Makes sense, thank you

kecheung commented 1 year ago

@bradleyjamrozik In DefaultSource.scala, we explicitly define the "cdm" catalog and expect a CDMCatalog to be returned. Instead UnityCatalogV2Proxy is being returned instead.

It still works if we use a cluster without Unity.

This previous mention that it works leads me to believe the issue is due to how your platform is configured, which I do not have any insight. As mentioned in #118, this connector was originally built with Azure Synapse in mind.

JulesHuisman commented 1 year ago

@bradleyjamrozik In DefaultSource.scala, we explicitly define the "cdm" catalog and expect a CDMCatalog to be returned. Instead UnityCatalogV2Proxy is being returned instead.

It still works if we use a cluster without Unity.

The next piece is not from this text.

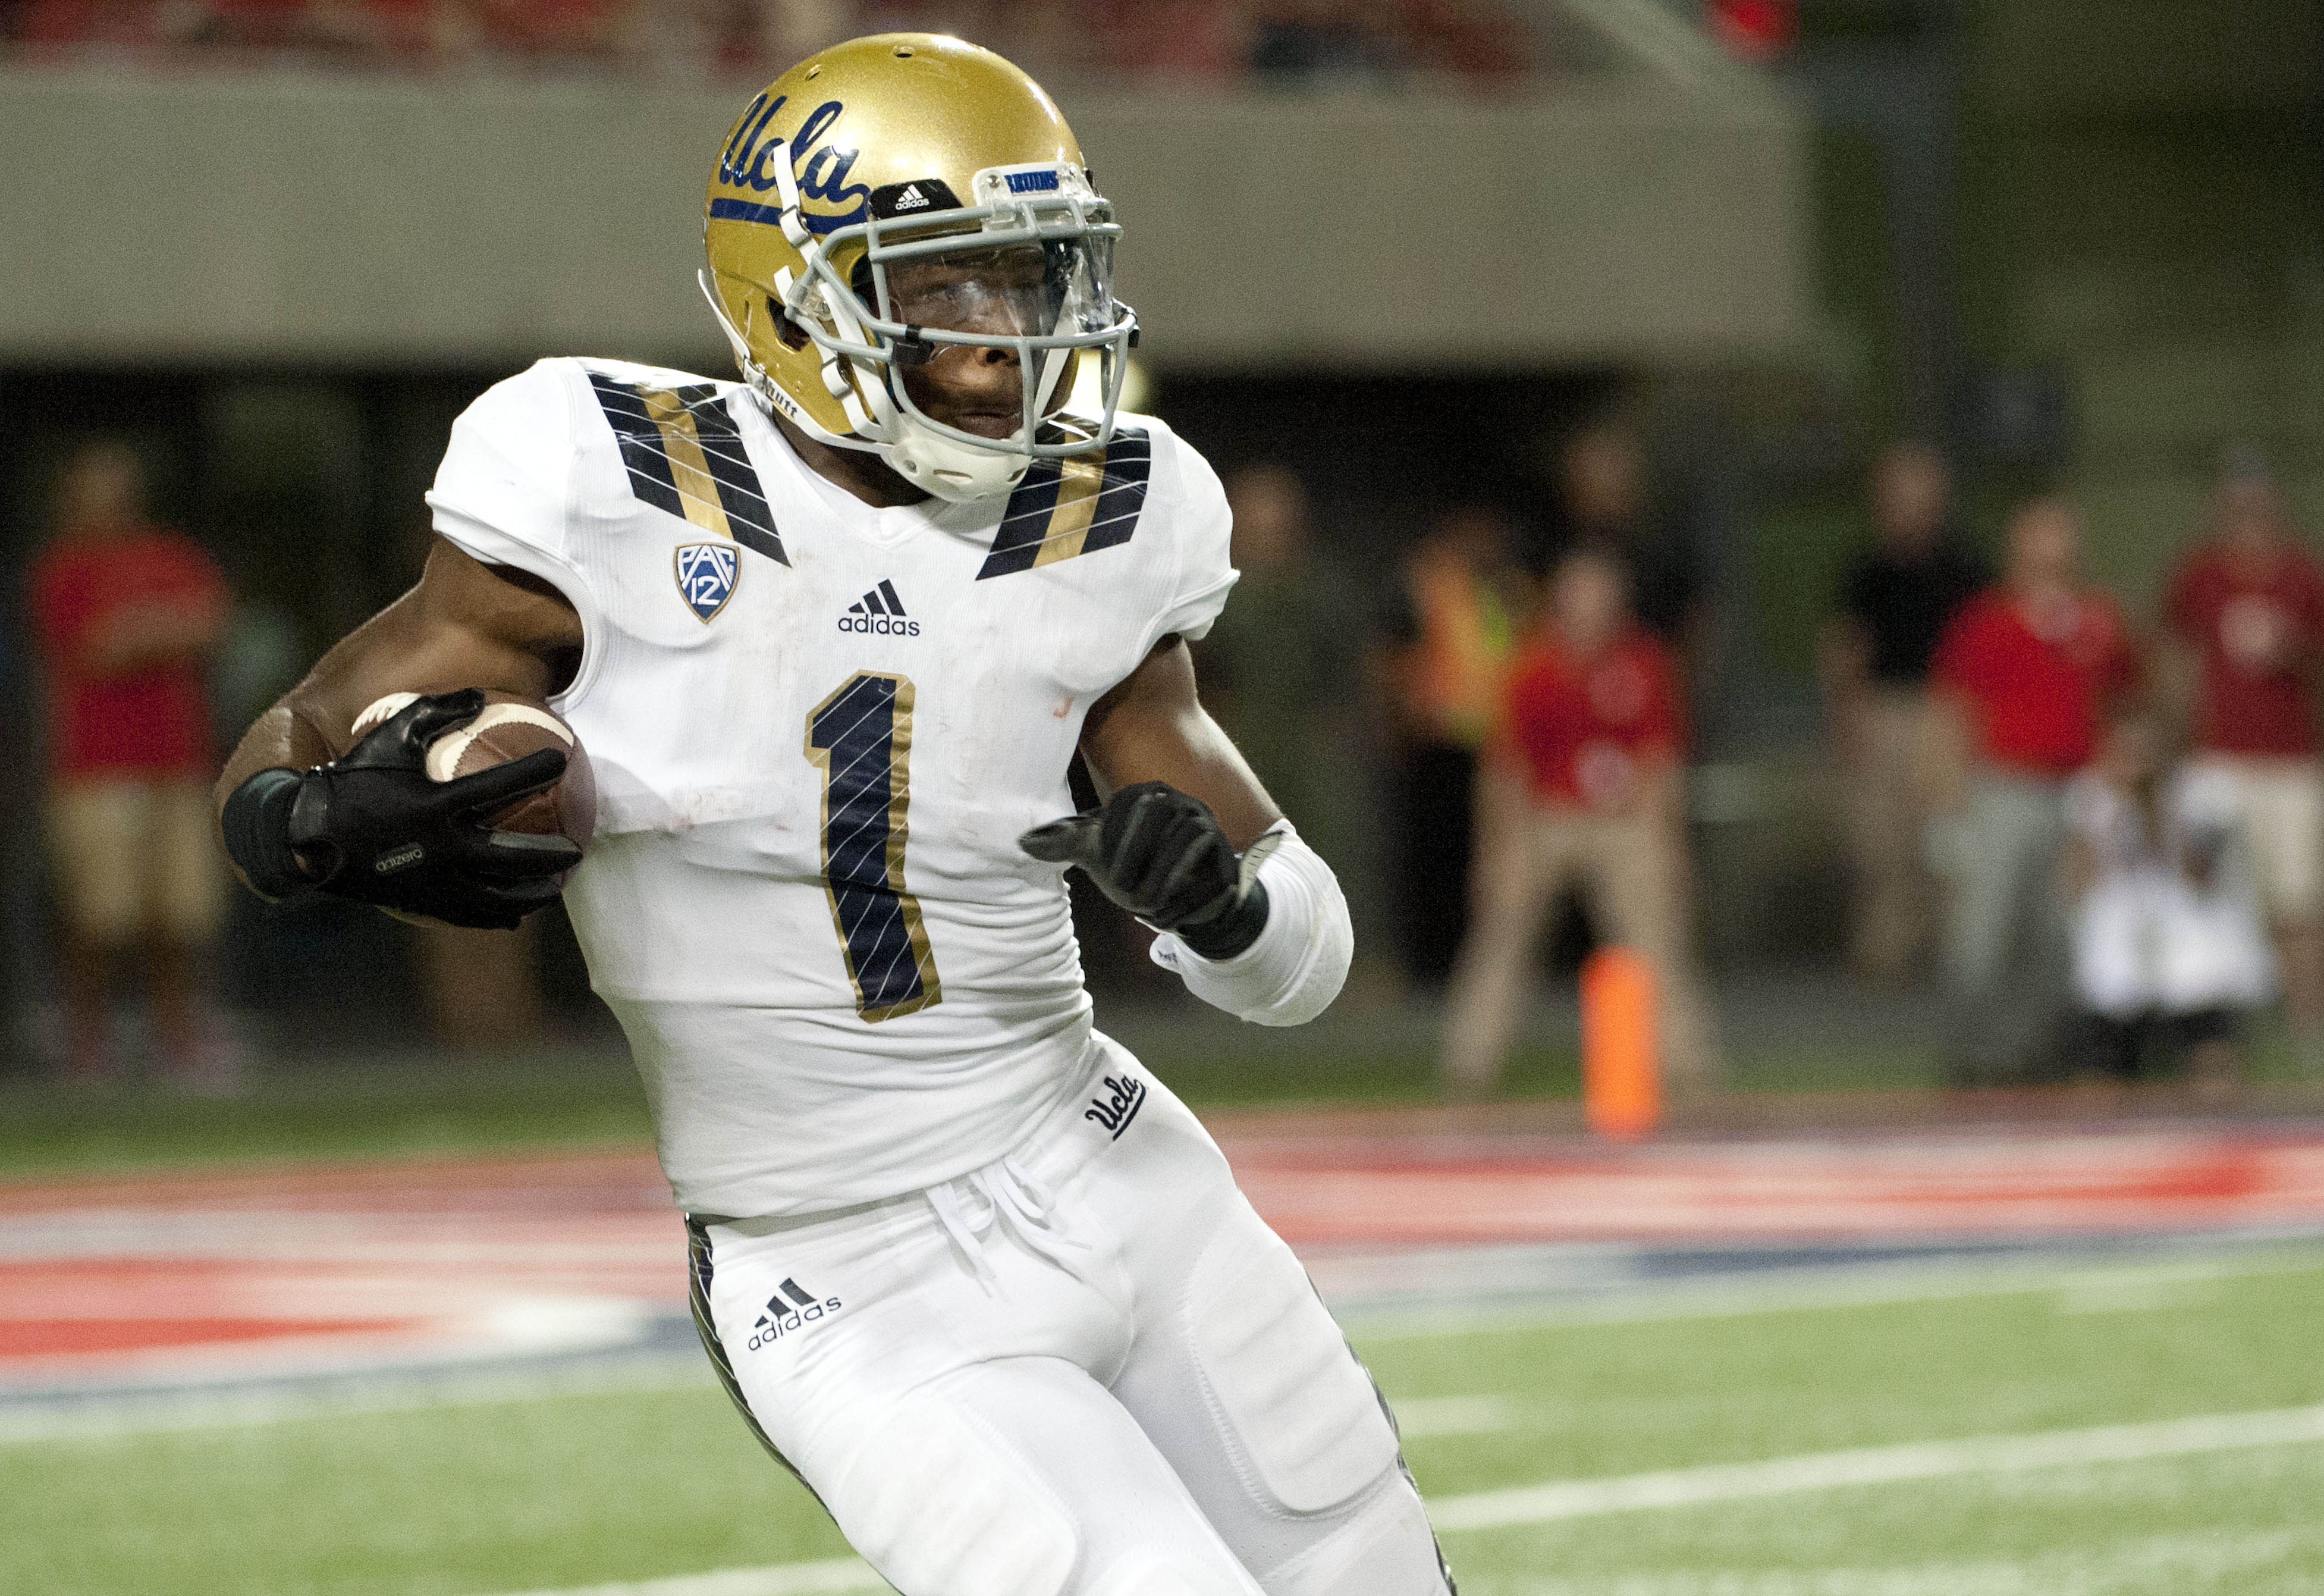 UCLA CB Ishmael Adams INT against Arizona in his first game back from suspension.

This previous mention that it works leads me to believe the issue is due to how your platform is configured, which I do not have any insight. As mentioned in #118, this connector was originally built with Azure Synapse in mind.

Do you think this is a difficult fix, if we took the open source route?

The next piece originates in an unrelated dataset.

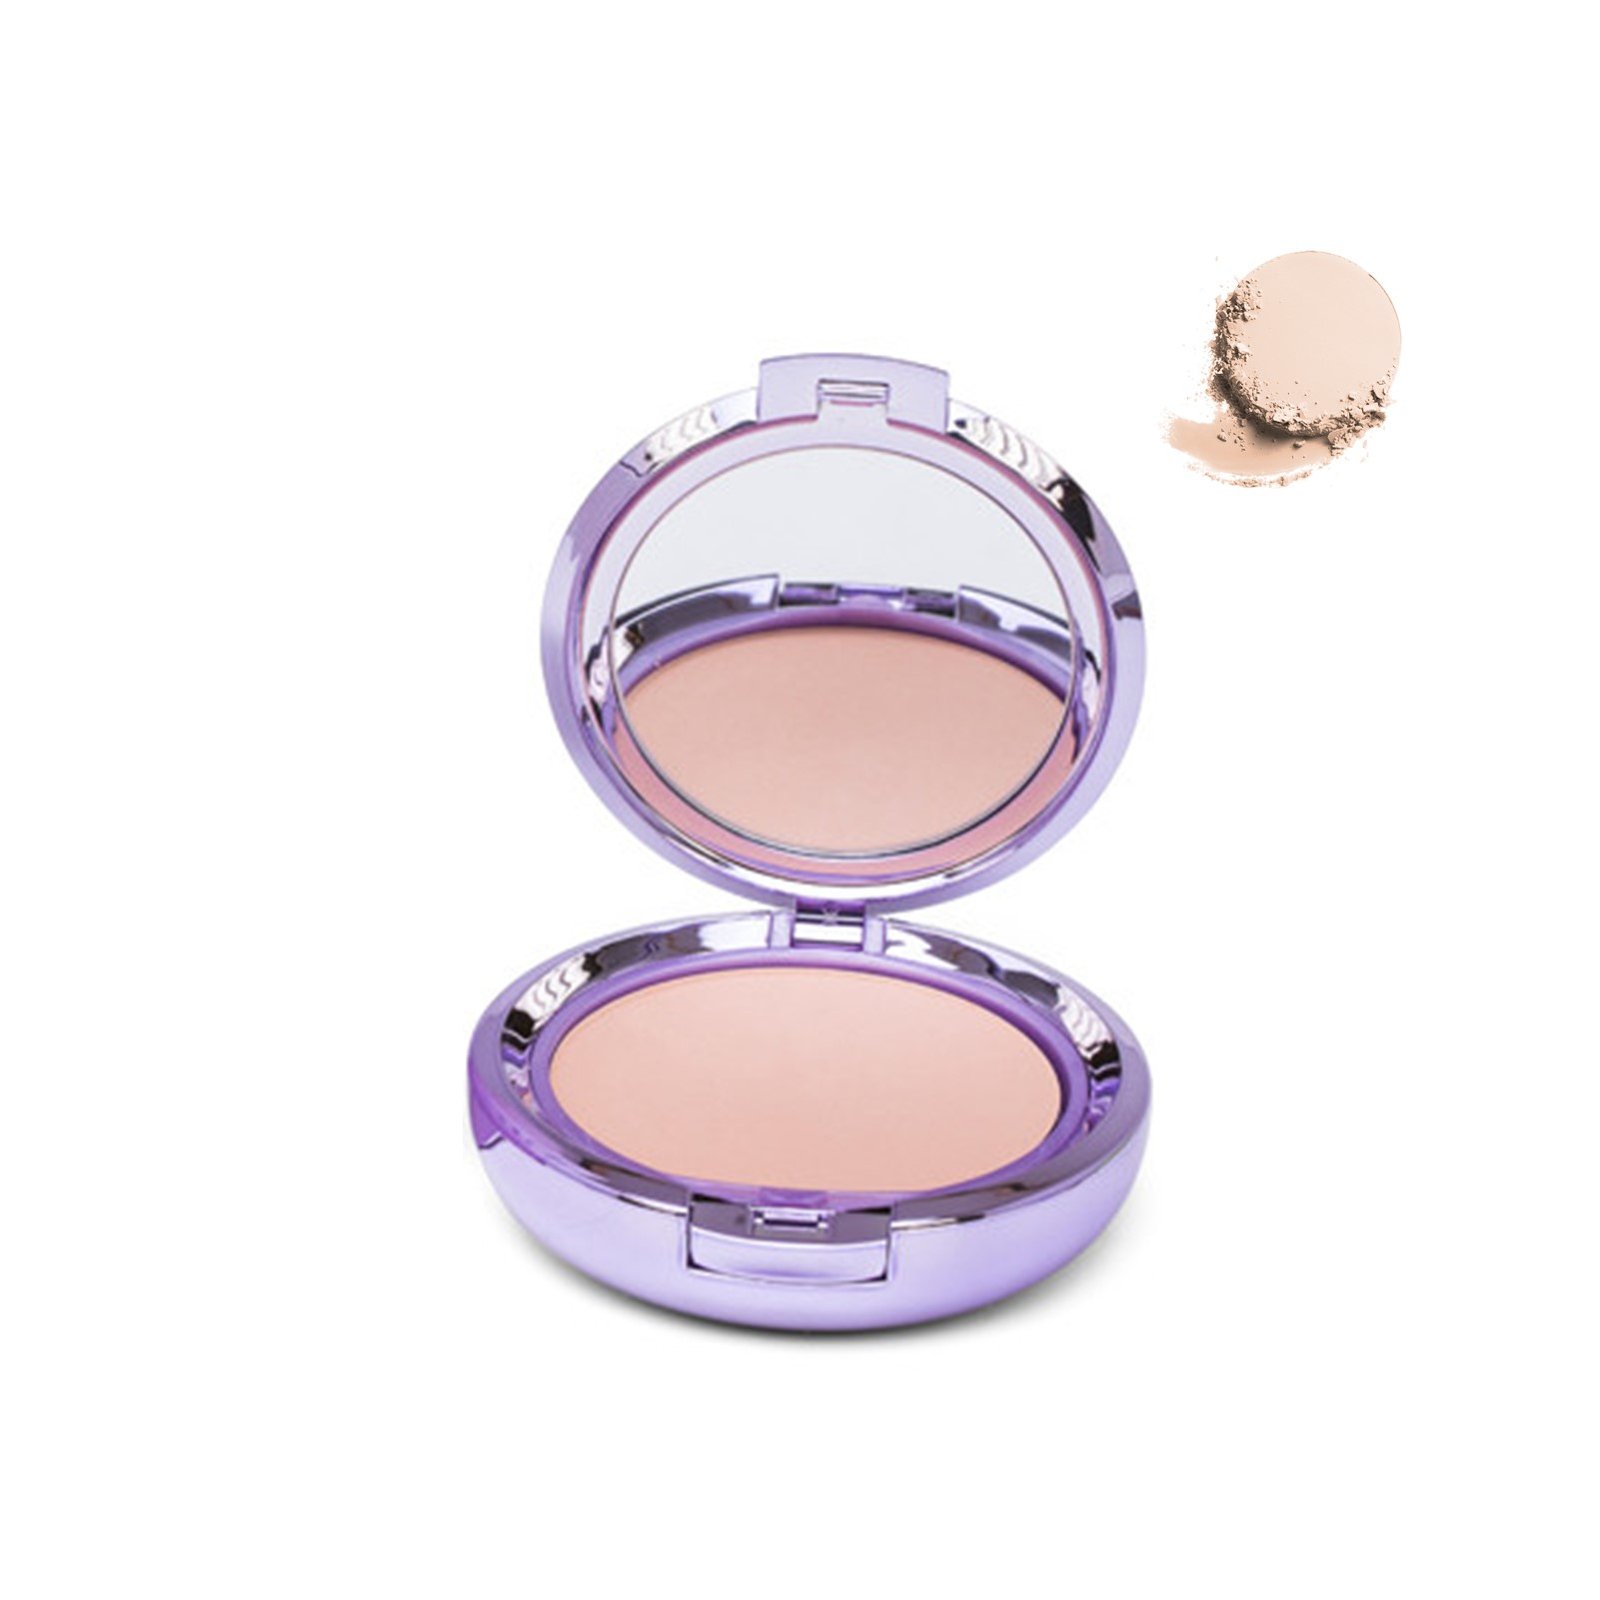 Covermark Compact Powder Normal Skin

BenSchaedle commented 10 months ago

Hi all,

any chance to get an update on this topic?

zpo commented 7 months ago

Same problem here. It would be awesome thing to make it run on Databrciks.

JulesHuisman commented 7 months ago

We built this package to make it work better with Databricks, it is not finished yet. But it might help: https://github.com/quantile-development/pyspark-cdm

carlo-quinonez commented 4 months ago

there's a PR with documentation changes that make this issue, and the work around, clear.